_WHAT THIS TASK INVOLVES_. Pictures in the listing below are skipped, while the lines from the "Diablo Animated Wallpaper" line through the "Porträt eines süßen" line are returned word for word.

_EXERCISE DATA_.

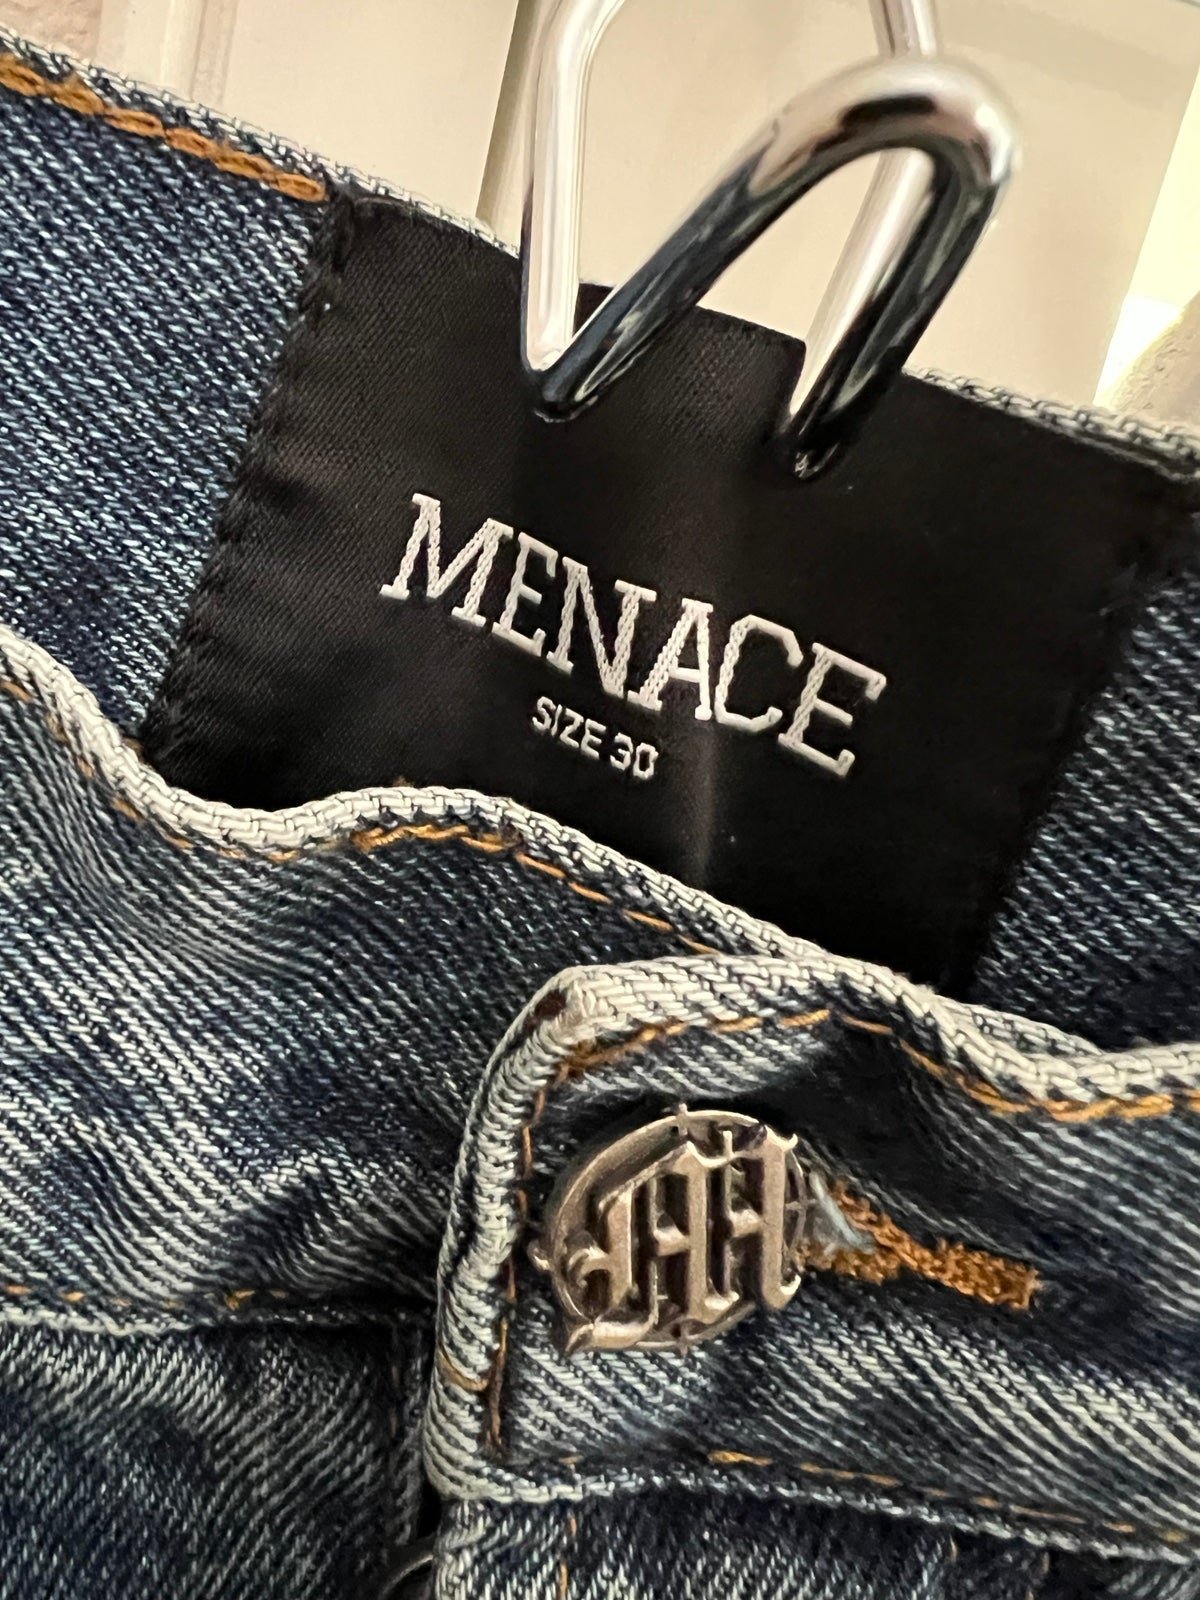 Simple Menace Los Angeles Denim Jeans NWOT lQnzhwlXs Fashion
==
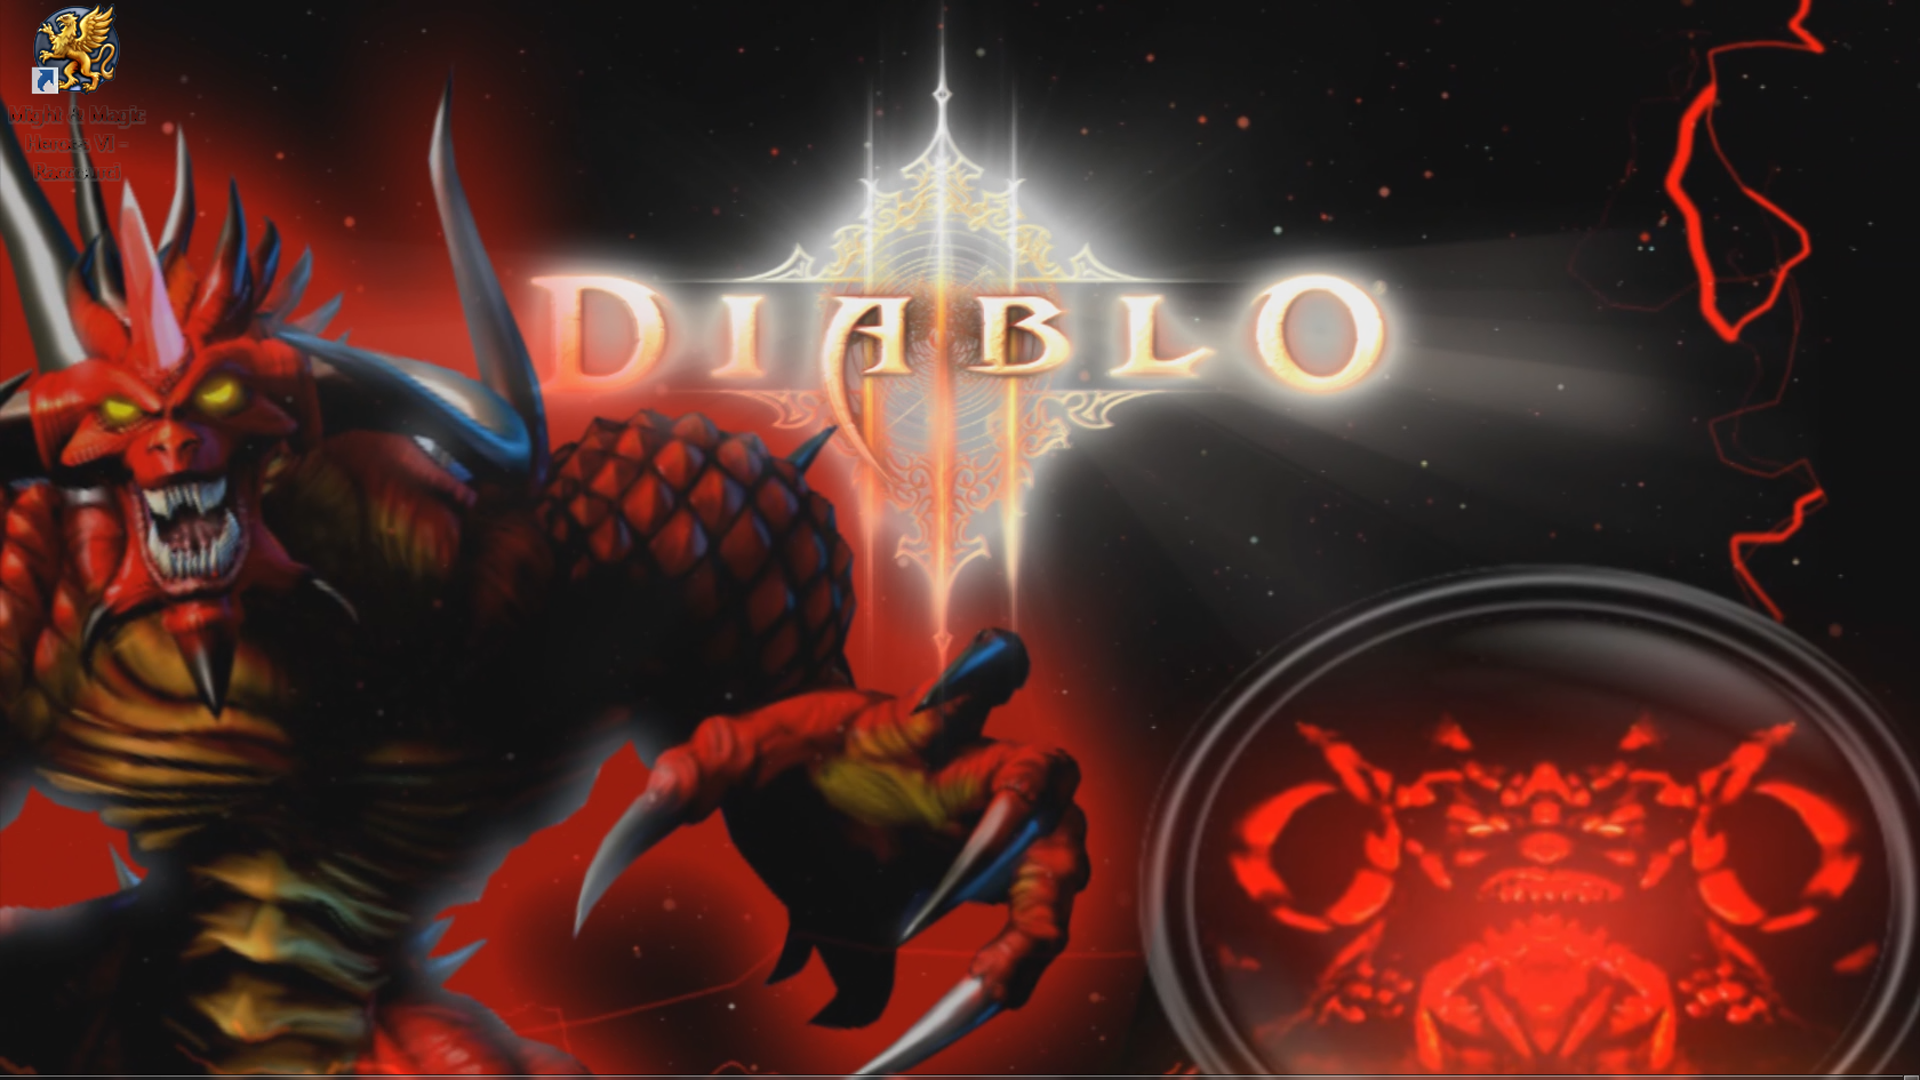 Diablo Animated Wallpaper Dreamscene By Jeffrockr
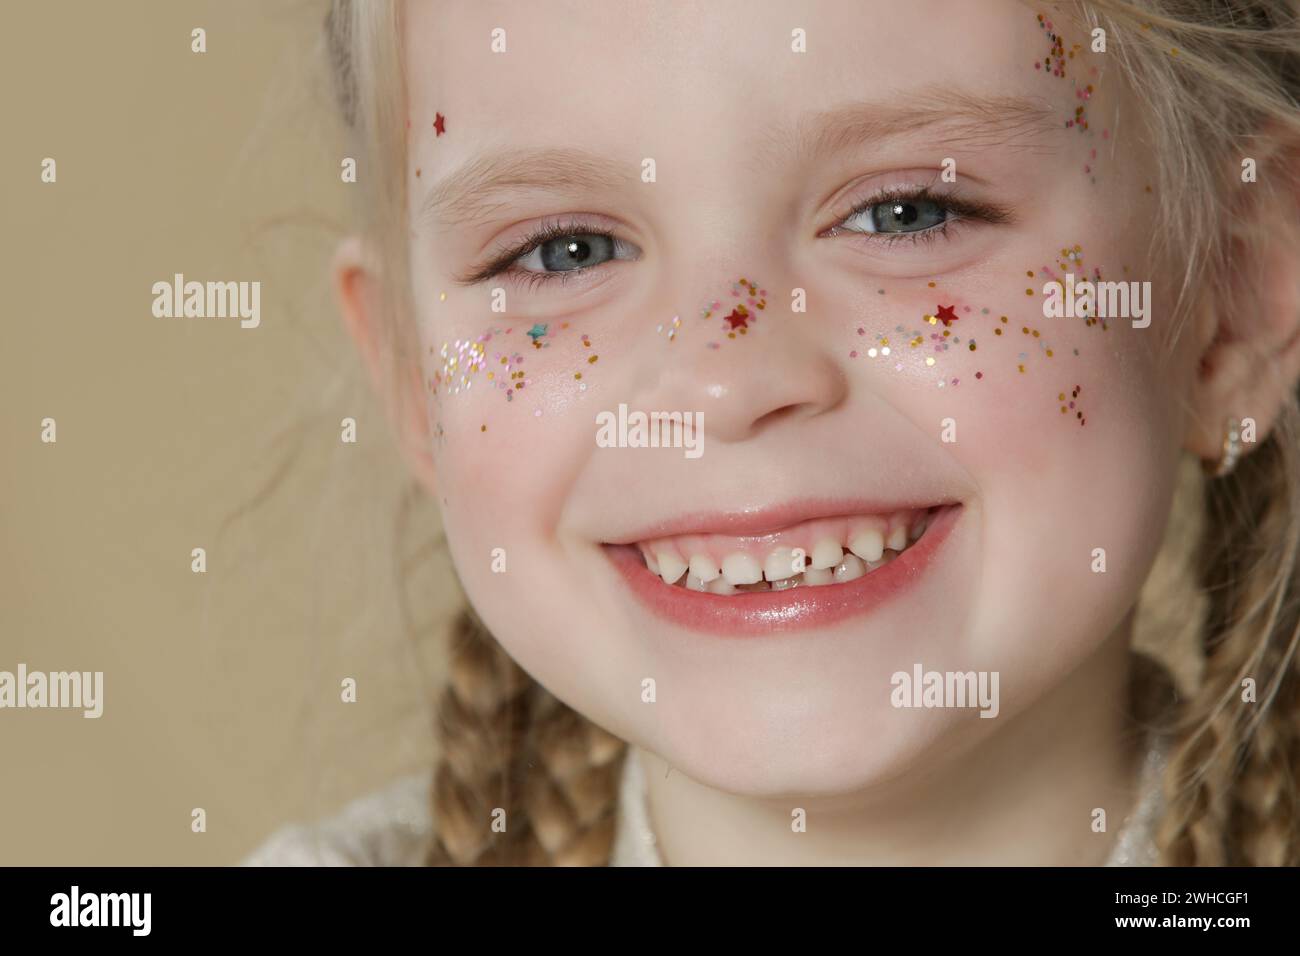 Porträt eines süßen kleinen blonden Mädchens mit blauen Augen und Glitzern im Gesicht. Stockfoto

_EXPECTED ANSWER_.
 Diablo Animated Wallpaper Dreamscene By Jeffrockr
 Porträt eines süßen kleinen blonden Mädchens mit blauen Augen und Glitzern im Gesicht. Stockfoto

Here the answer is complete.